Witman, who works out of a Fall River Canna Care clinic, says he has treated about 80 patients who were addicted to opioids, muscle relaxers or anti-anxiety medication with cannabis using a one-month tapering program. More than 75 percent of those patients stopped taking the harder drugs, Witman said.

Cannabis, Witman said, can treat the symptoms patients had been using opioids to manage, such as chronic pain or anxiety — and treat them far more safely.

Dr. Harold Altvater of Delta 9 Medical Consulting in Malden says he has also seen success with medical marijuana as a substitution therapy.

“You are basically taking something that can be very harmful for an individual, and substituting with another chemical, just like you would any other drug, that has a wider safety margin,” he said. “So if the goal is to decrease the body count … the goal would be to get them on to a chemical that was safer.”

“What we are seeing is that, in follow-up visits, patients have decreased and even eliminated their opioids,” said Dr. Uma Dhanabalan of Uplifting Health and Wellness in Natick, adding marijuana works far better than other substitutes. “It’s a problem when we are replacing one synthetic opioid with another synthetic opioid because, guess what … synthetic opioids kill, cannabis does not.”

On a neurological level, medical marijuana works on what is known as the “endocannabinoid system” and binds to neurological receptors involved in appetite, pain sensation, mood and memory. Opioids work on a different, similar system — but less effectively, Witman said.

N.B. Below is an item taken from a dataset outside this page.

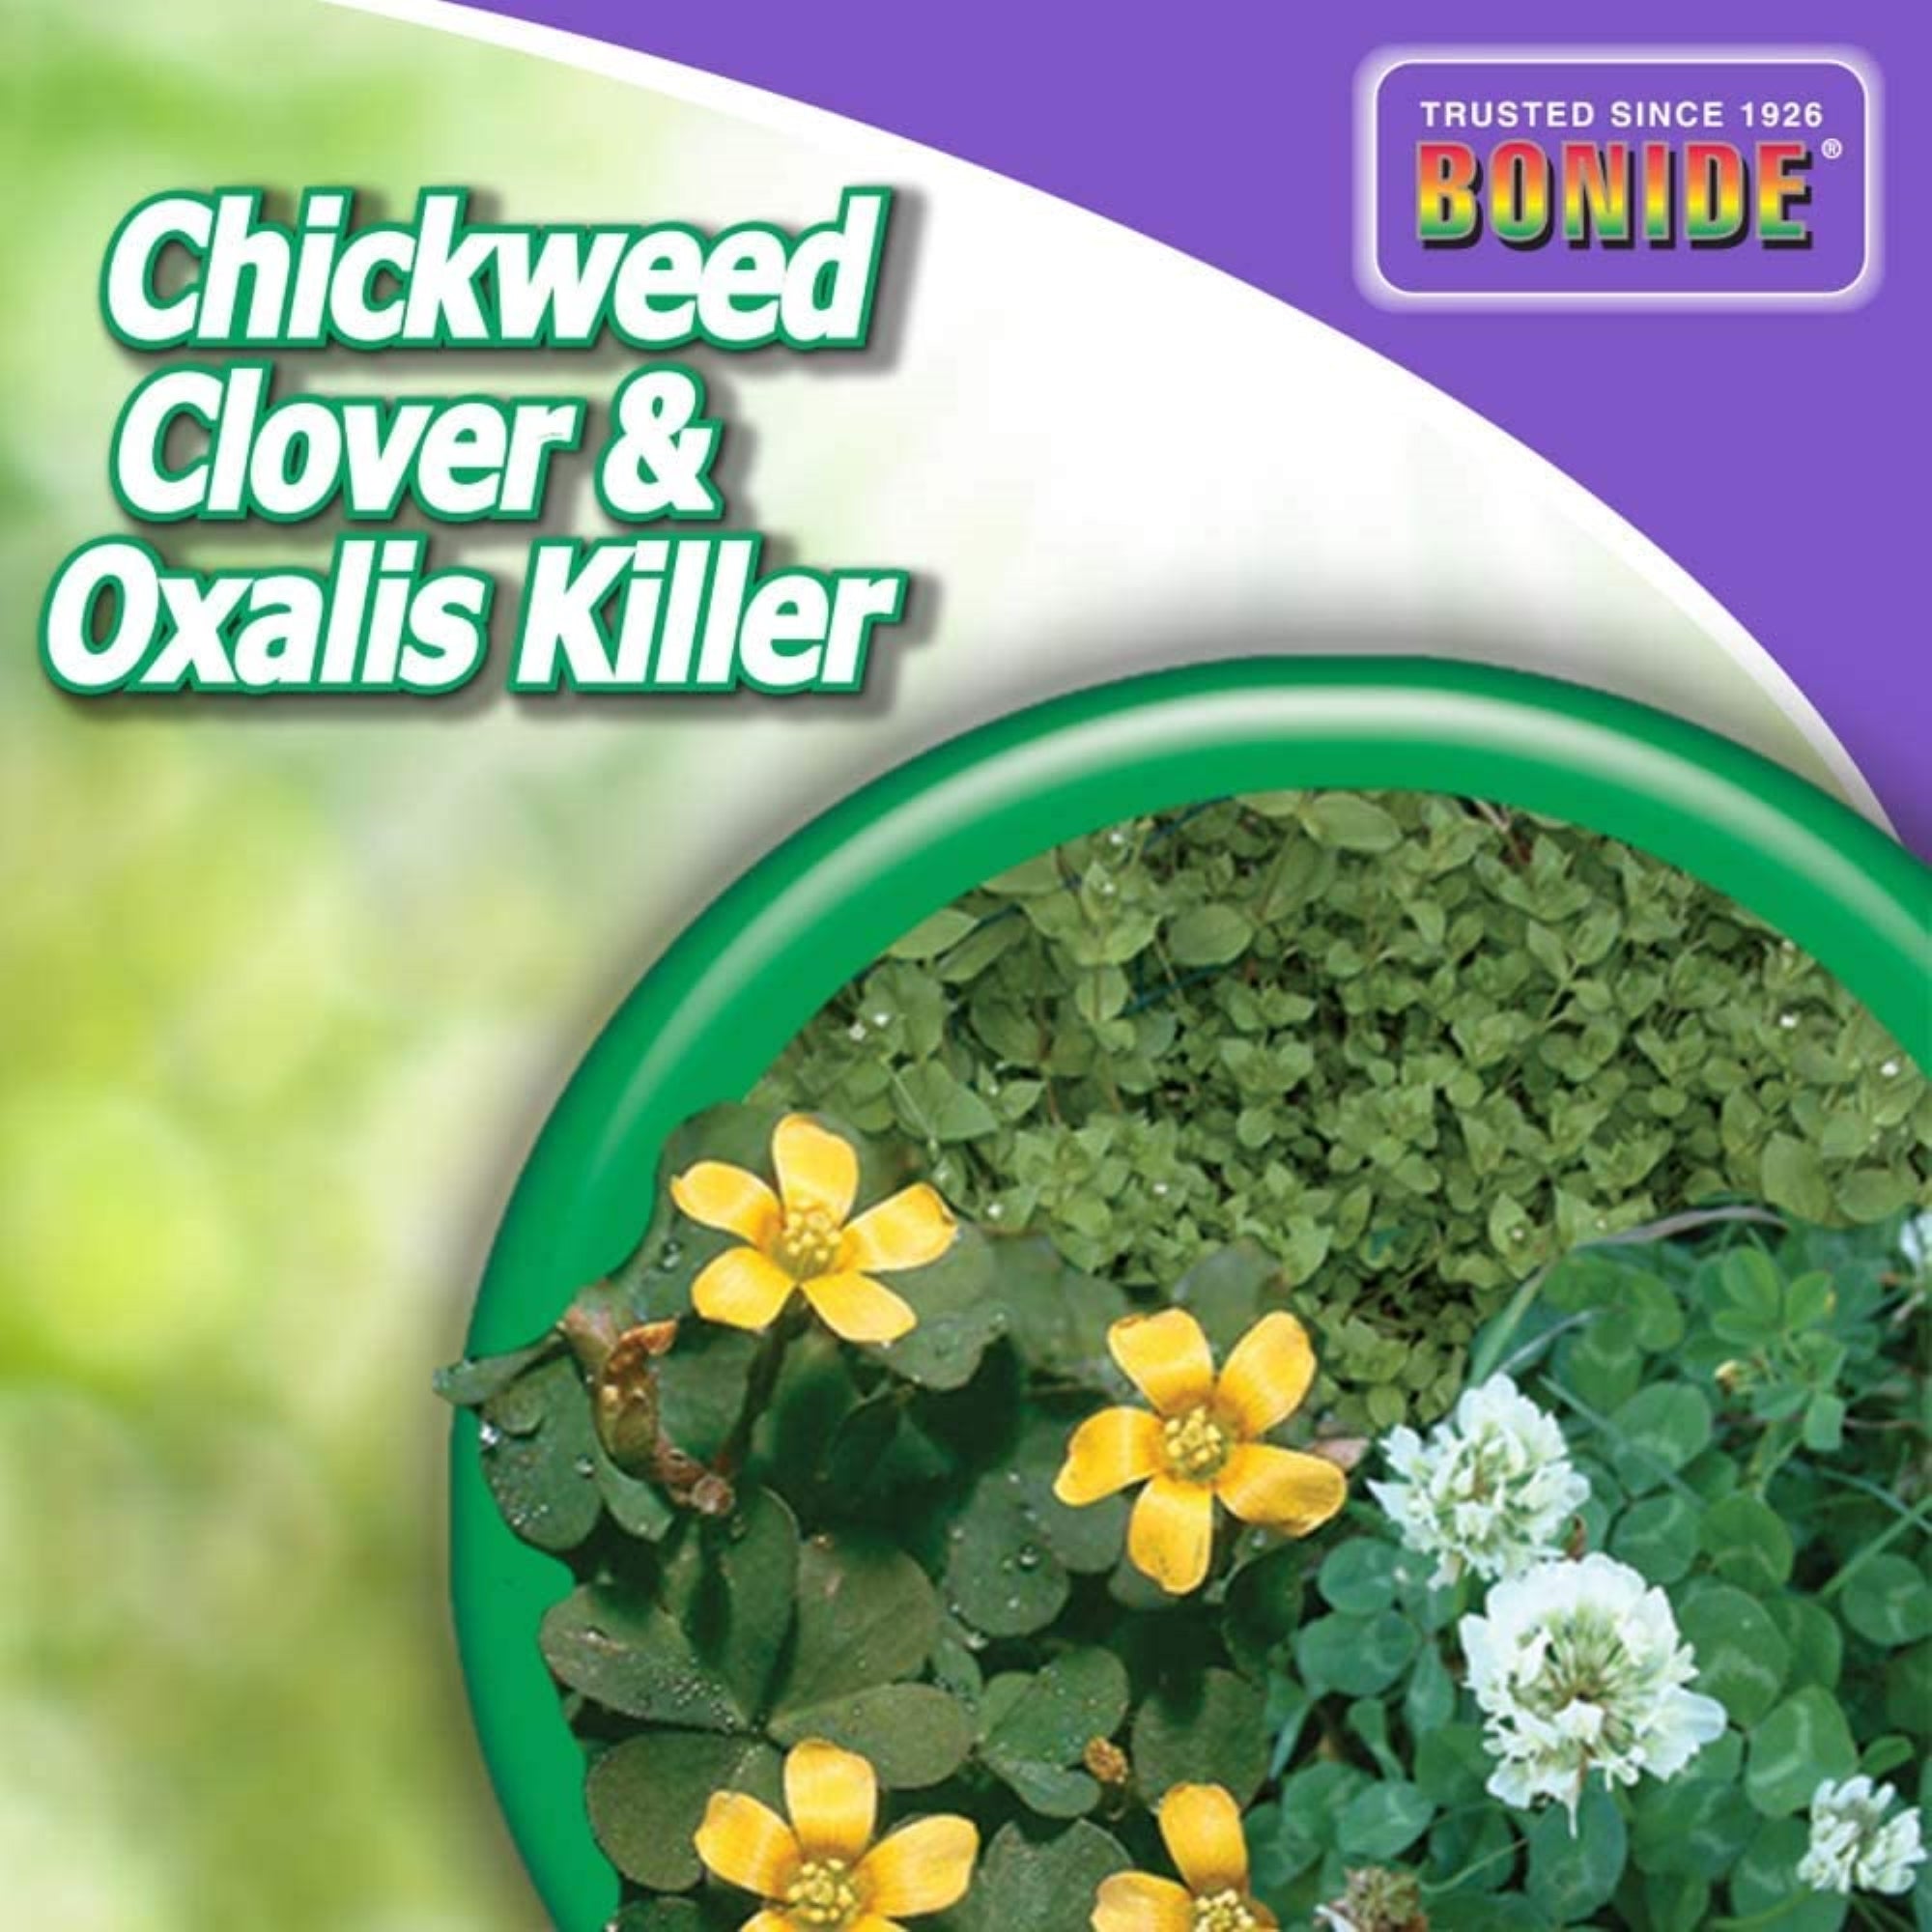 Bonide Ready-to-Use Chickweed, Clover & Oxalis Killer, 32 fl oz

“Endocannabinoids are even more powerful and the therapeutic benefits are even better,” he said.

Other doctors say the process is not as simple as substituting cannabis for opioids. Dr. Anil Kumar of Advanced Pain Management Center in Stoneham is wary of the idea of giving medical marijuana to opioid addicts without extensive follow-ups.

“It might be an exit drug for some, or an entry drug for others,” he said. “If you don’t have a way of monitoring this patient who is saying ‘give me marijuana and I will stop taking narcotics,’ they may do both.”

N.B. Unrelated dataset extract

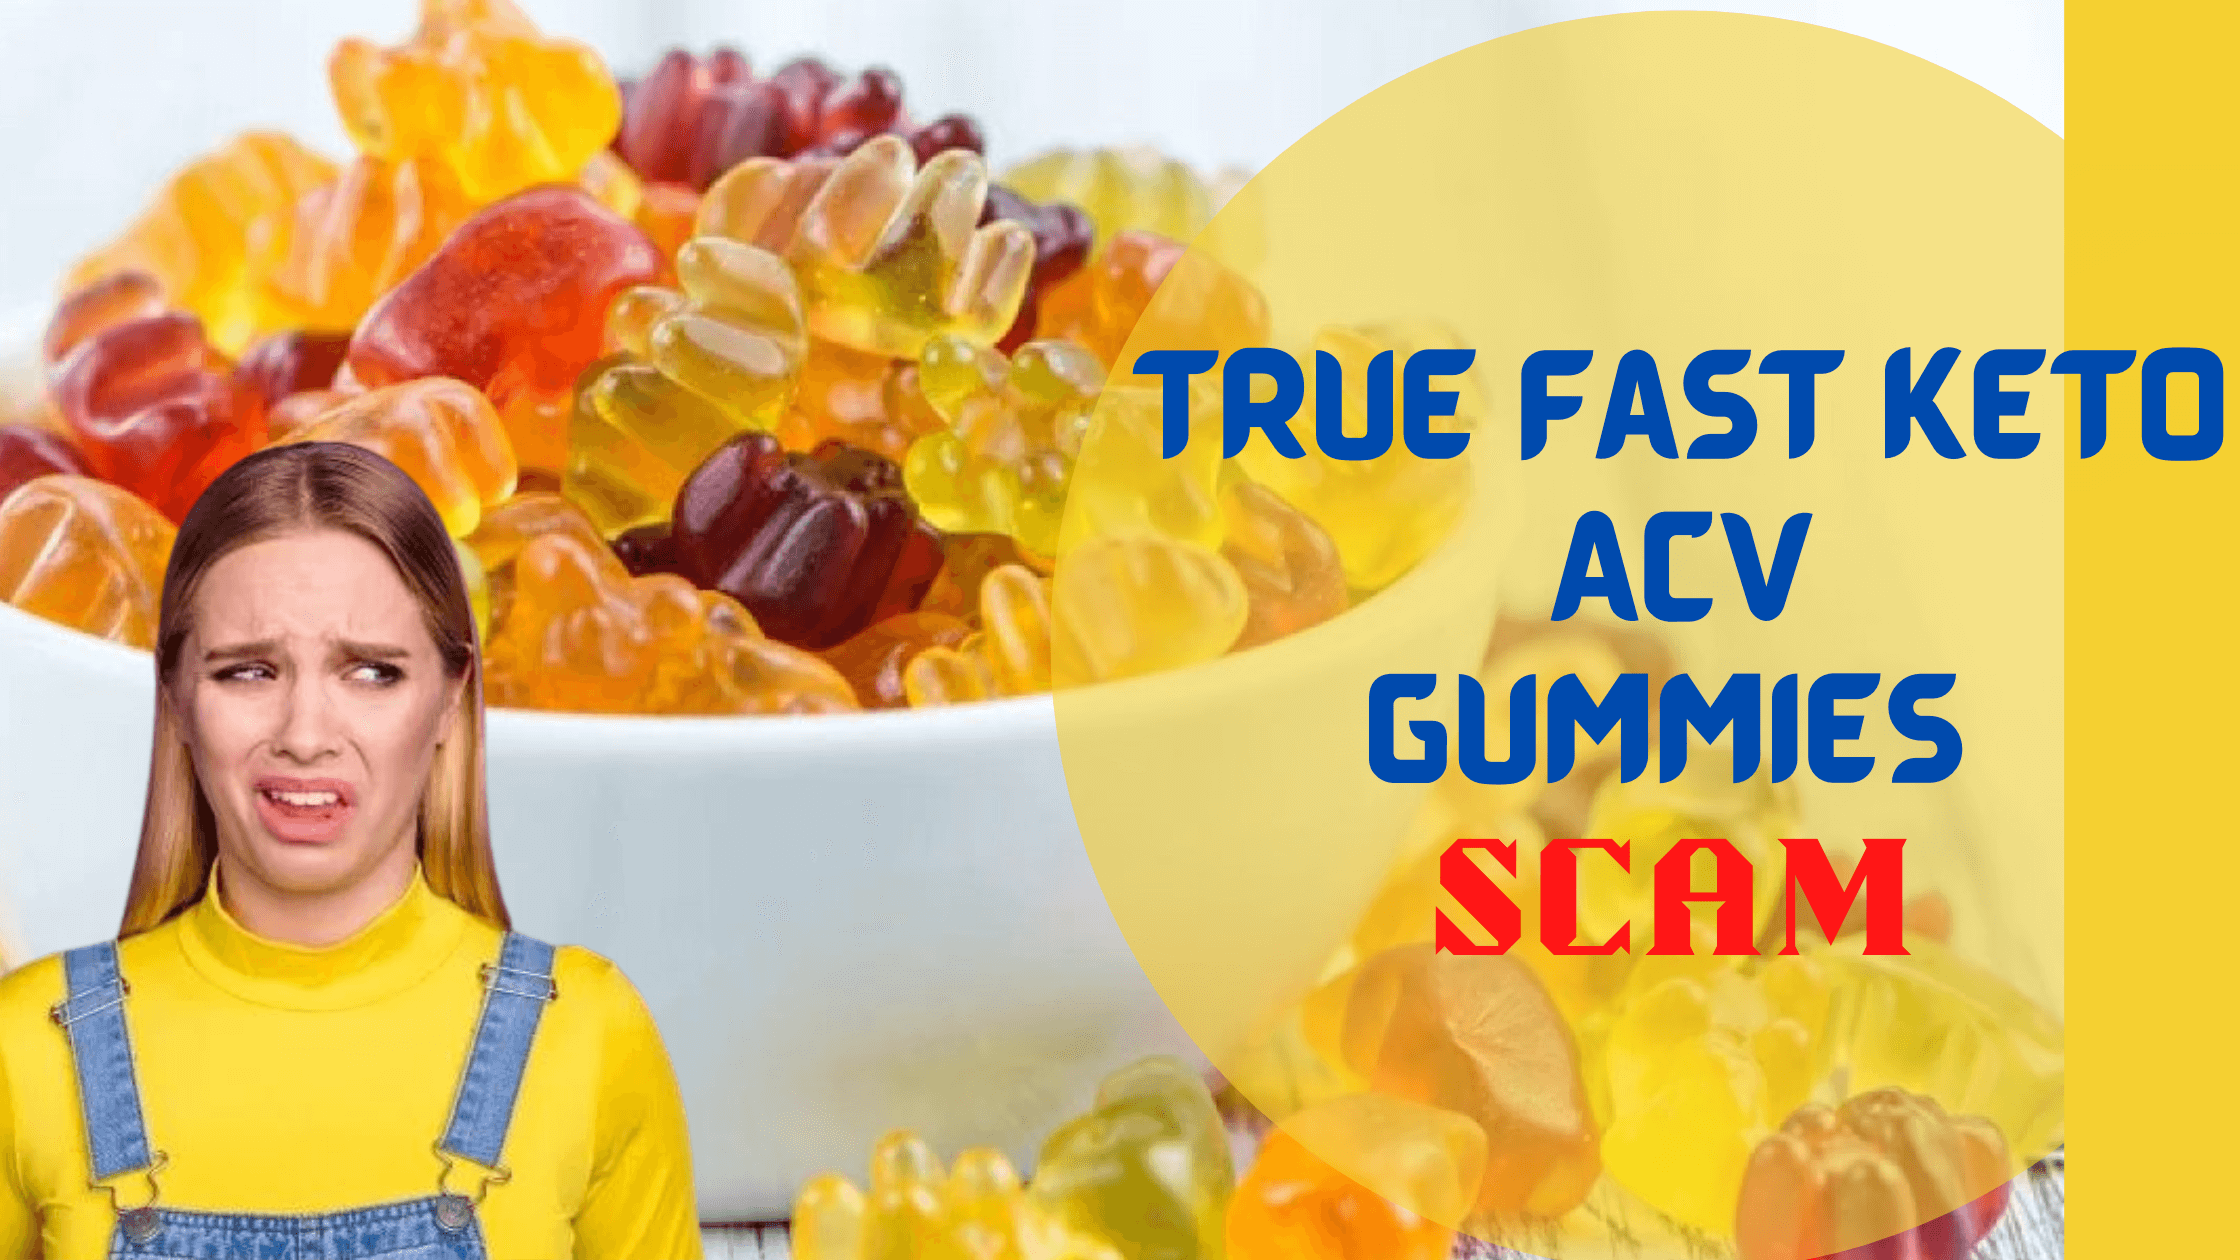 True Fast Keto ACV Gummies Scam

Joanne Peterson — founder of Learn to Cope, a network of 20 support groups for addicts and their families — calls the idea of using medical marijuana as a safer substitute for opioids “total (expletive).”

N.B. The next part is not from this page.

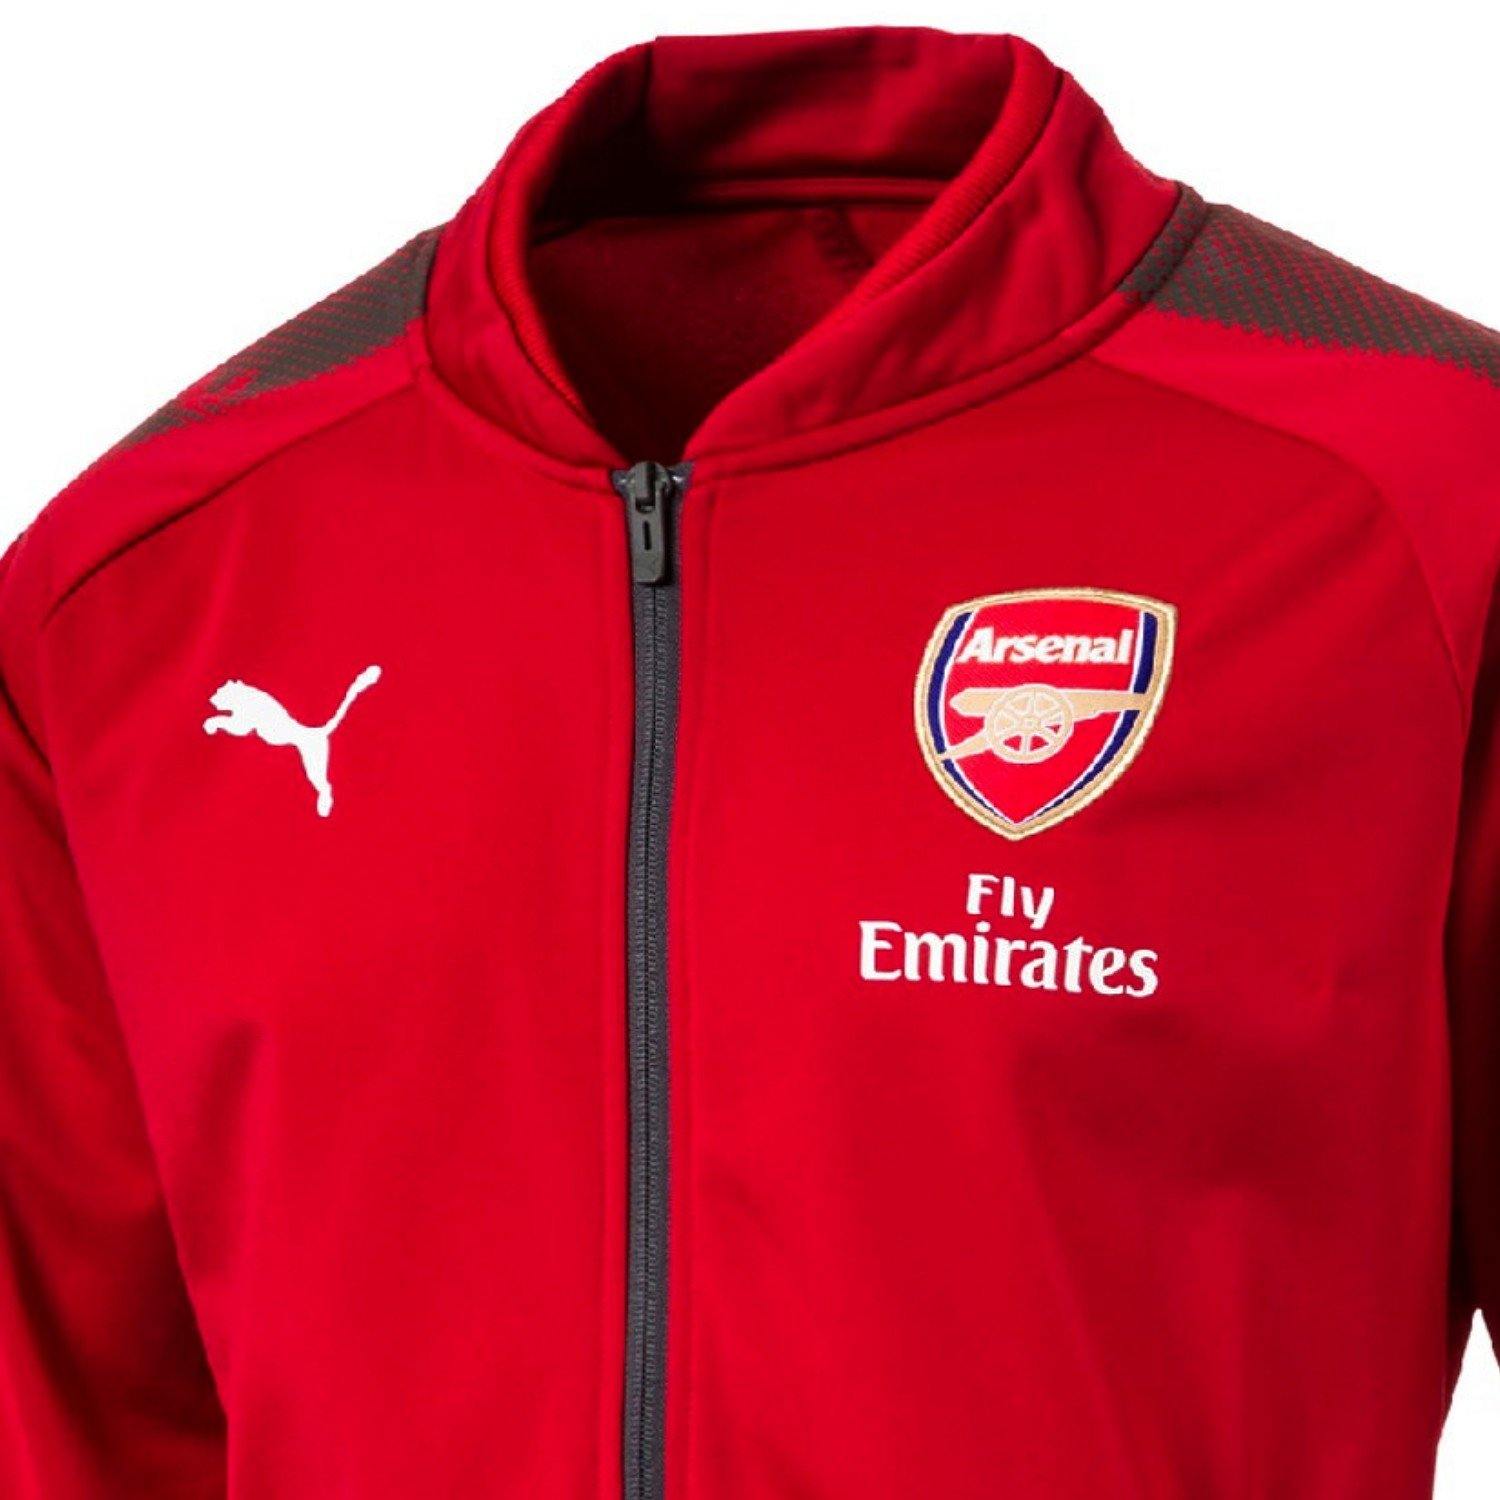 Arsenal training presentation soccer jacket 2017/18 red - Puma

“I am not a doctor, but coming from someone who is on the front lines with people we are burying every week, adding another drug into the mix is probably a bad idea,” she said. “They are already a zombie on the opiates, do they have to be a zombie on pot?”

The Massachusetts Department of Public Health has no official position on using medicinal marijuana as an alternative for opioids.

“DPH is committed to effectively administering the medical marijuana program in order to best serve patients safely and continues to work with the administration and stakeholders on developing strategies to curb the opioid epidemic in the commonwealth,” DPH spokesman Scott Zoback told the Herald, declining to comment further.

Patients who have had success with the treatment sing its praises.

Howard Bart, a patient at Dhanabalan’s clinic, knew very little about medicinal marijuana before his wife researched the topic online. He says it has been a life-changer for him:

After four back surgeries, he had been on various painkillers for more than 20 years — until he started taking cannabis this year. He has not had a pill in seven weeks.

“The marijuana saved my bacon from discomfort and pain every time,” he said. “My doctor told me it has something to do with receptors. All I know is, it works.”